Se dice que, aproximadamente, un bebé sonríe 400 veces al día, a diferencia de un adulto que lo hace, en el mejor de los casos, en 30 ocasiones. Se deduce por tanto que crecer, hacerse adulto, no contribuye a hacernos más felices si, la sonrisa, la más hermosa y humana expresión de que disfrutamos, es […]
Se dice que, aproximadamente, un bebé sonríe 400 veces al día, a diferencia de un adulto que lo hace, en el mejor de los casos, en 30 ocasiones.

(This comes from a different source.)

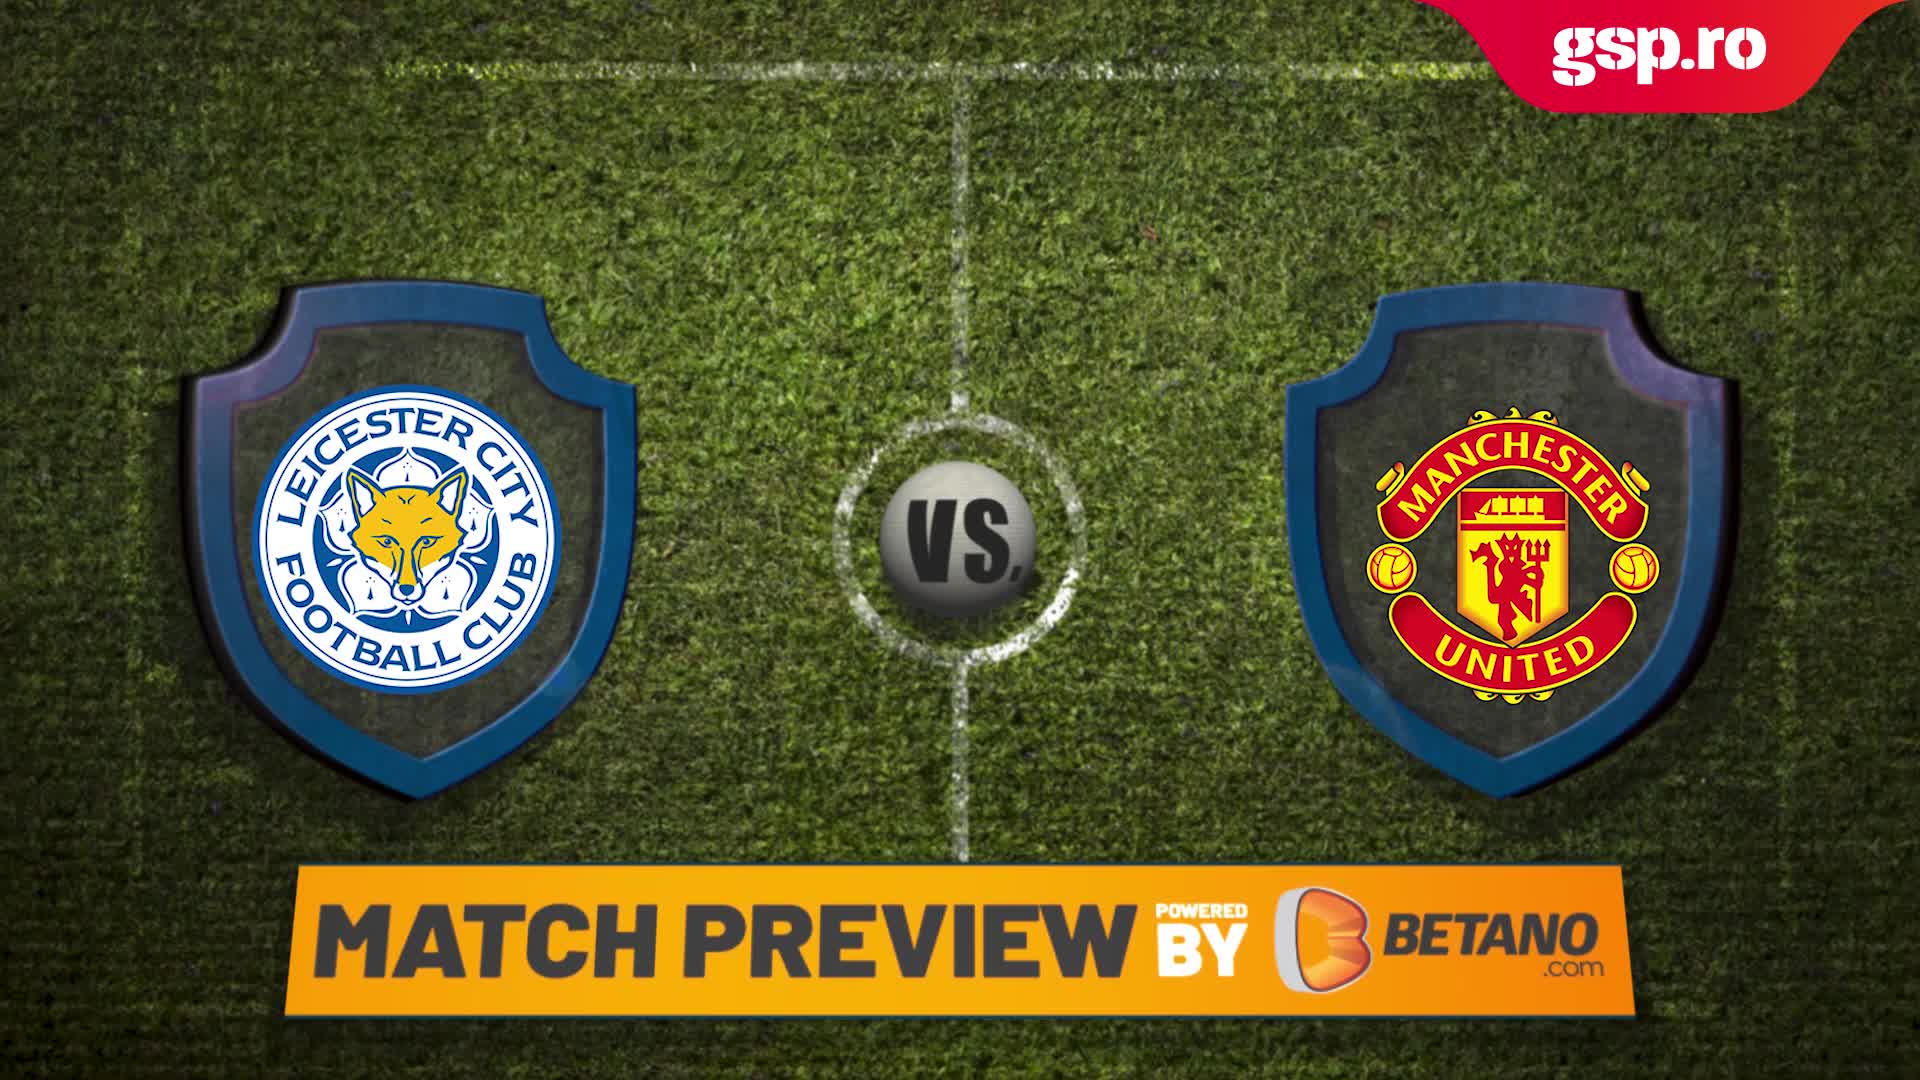  Match Preview. Leicester - Manchester United » Duel pentru un loc în Champions League

Se deduce por tanto que crecer, hacerse adulto, no contribuye a hacernos más felices si, la sonrisa, la más hermosa y humana expresión de que disfrutamos, es el costo que debemos pagar por «madurar», por convertirnos en hombres y mujeres de «provecho».
La natural sonrisa del bebé que agradece haber comido, haber descansado, que se sonrie simplemente cuando nos reconoce junto a él, que es capaz de amar y ser amado, y de encontrar en el día cuatrocientas razones para celebrar una sonrisa, tal parece que desde que se pone los pensamientos largos, muda sus risueñas maneras y termina transformando aquella que fuera su mejor sonrisa en una mueca hosca, inanimada, propia de quien ya ha perdido toda capacidad de asombro y de esperanza.
La cacareada «calidad de vida» sospecho tiene un gran indicador en esa perdida capacidad de sonreir que se nos va quedando por las trajinadas esquinas de la vida.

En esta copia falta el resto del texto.